Ever feel that your experience of the world has this texture?
An overlay of language, cluttering up everything. Even brushing one's teeth. (One of Thay's favorite meditation activities.)
Commentary. Unceasing commentary.
For me, it's sometimes brooding, a figuring-out of how I feel about something; sometimes it's chatty, interested in every little thing about life. Always, it's a drive to say something about something, to find just the right way that language can describe something.
I would like to find a way to direct, or at least to view, this commentary impulse so that it is useful for my writing, but not detrimental to mindfulness. Insofar as the introspective commentary adds to insight, I would like to keep it. Insofar as it is an annoying repetition of past scenes and well-rehearsed, petty opinions, then I would like to be done with it.

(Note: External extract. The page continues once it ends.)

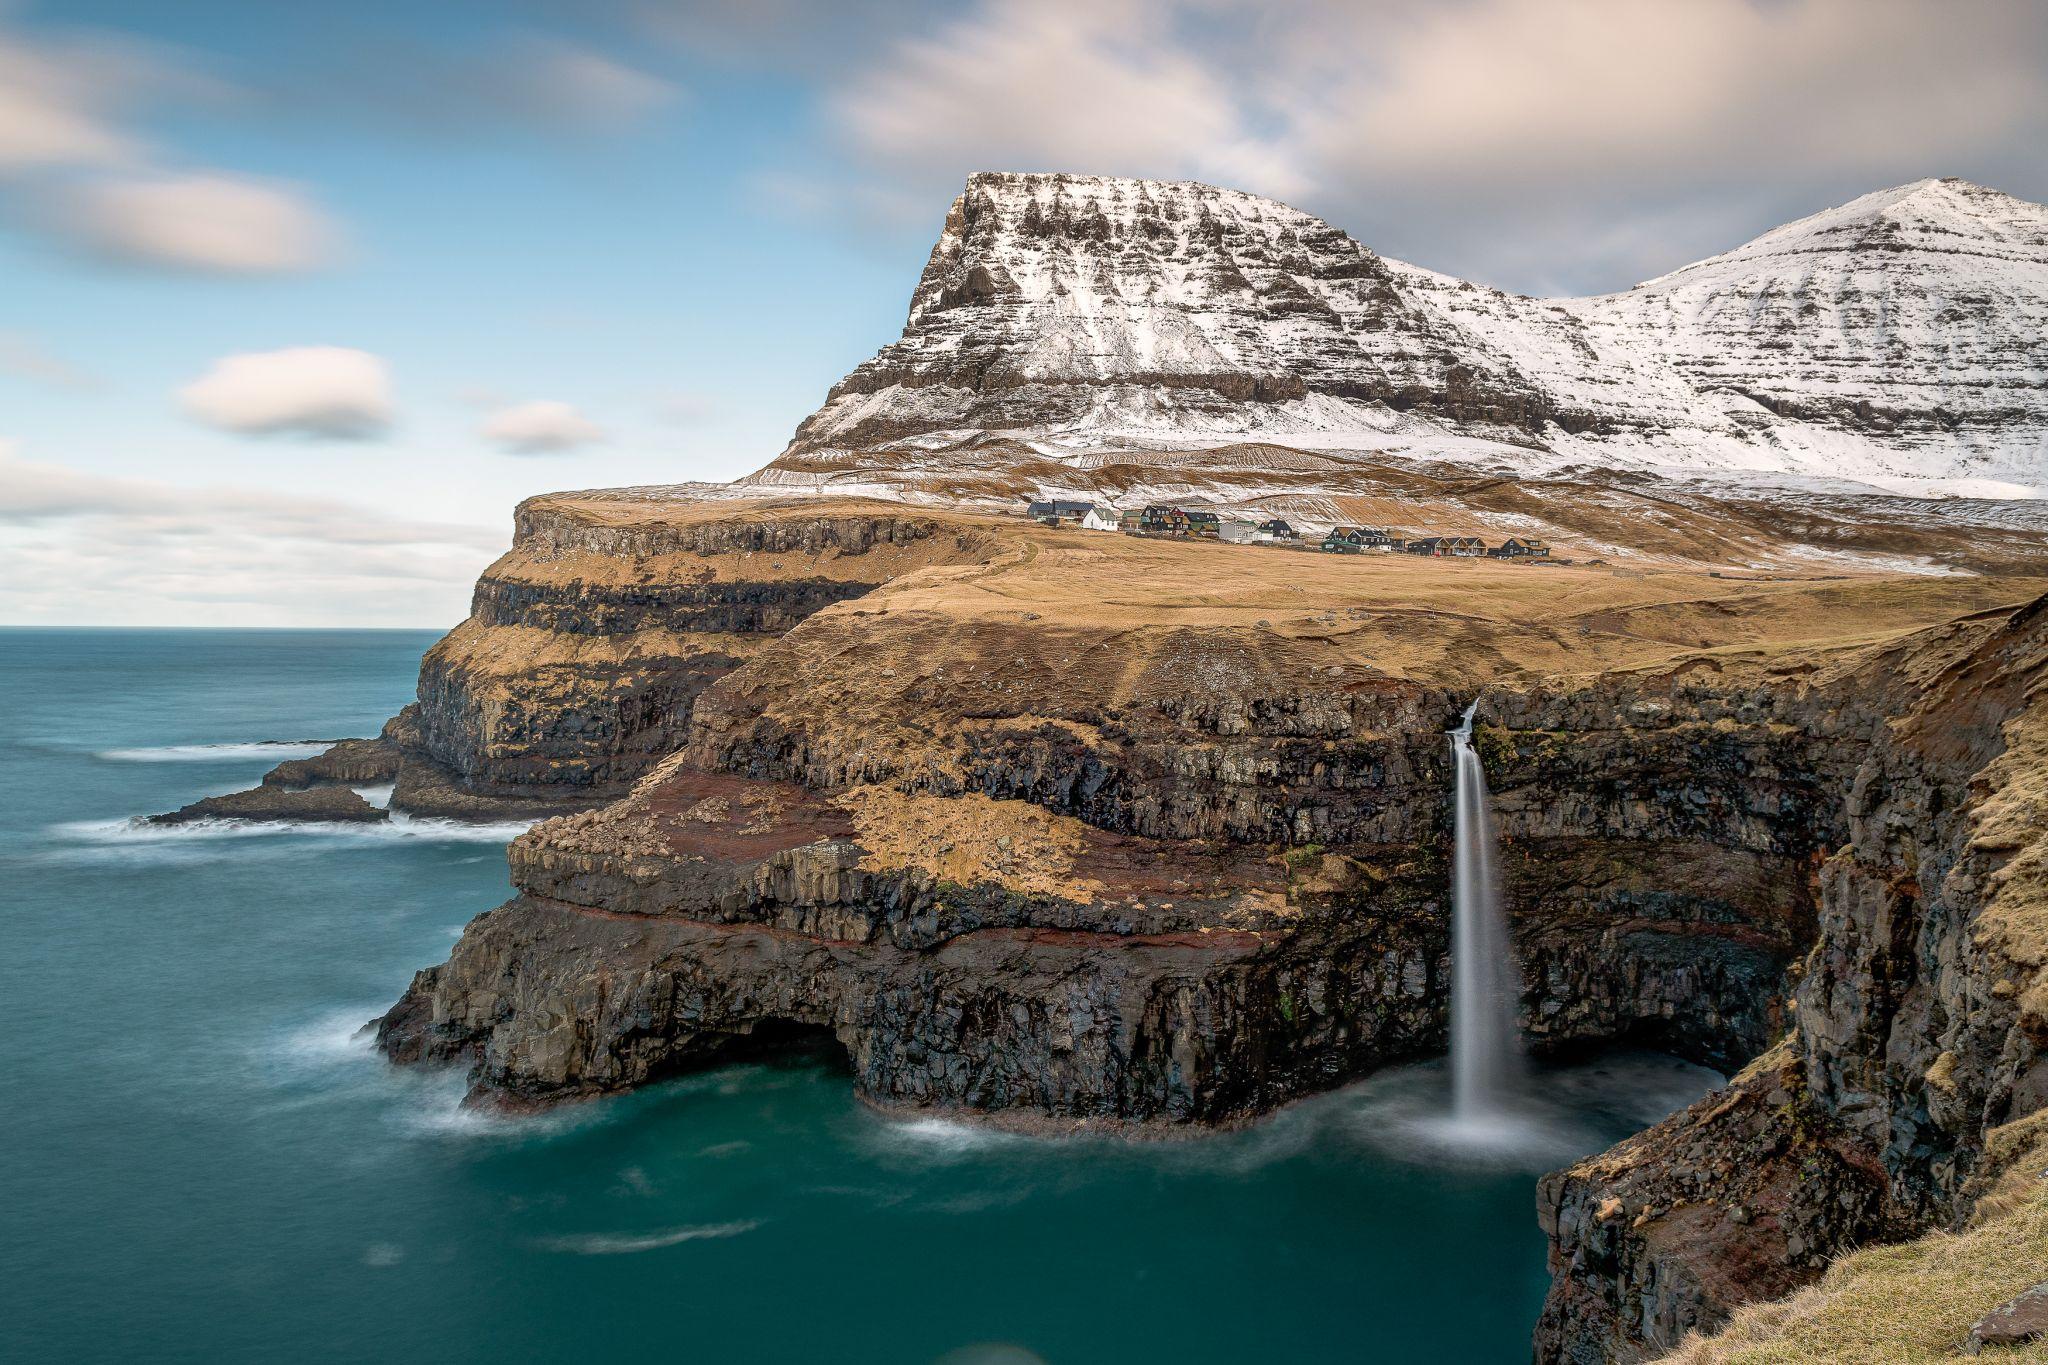 Gasadalur village and the Múlafossur waterfall, Faroe Islands

I know there is old, old habit energy at work here, originating in my younger years, perhaps even in past generations of my family. The habit of feeling that there was so much I could say, if only someone were listening. So much I could explain, if only someone asked. So much I could share, if only someone were curious. It is an energy that scared me at times, wondering if the flood of words, tomes' worth, might drive me mad, or if it already had. It is an energy that fires my writing and has brought me success and connection and much happiness.
There is a lot to ponder here.
Writing this out has brought me a bit of clarity about it all. Words put to skillful use, in this case. (I hope.)
My thanks to Francois-Marie Banier, whose photographs I happened upon. They touched me deeply.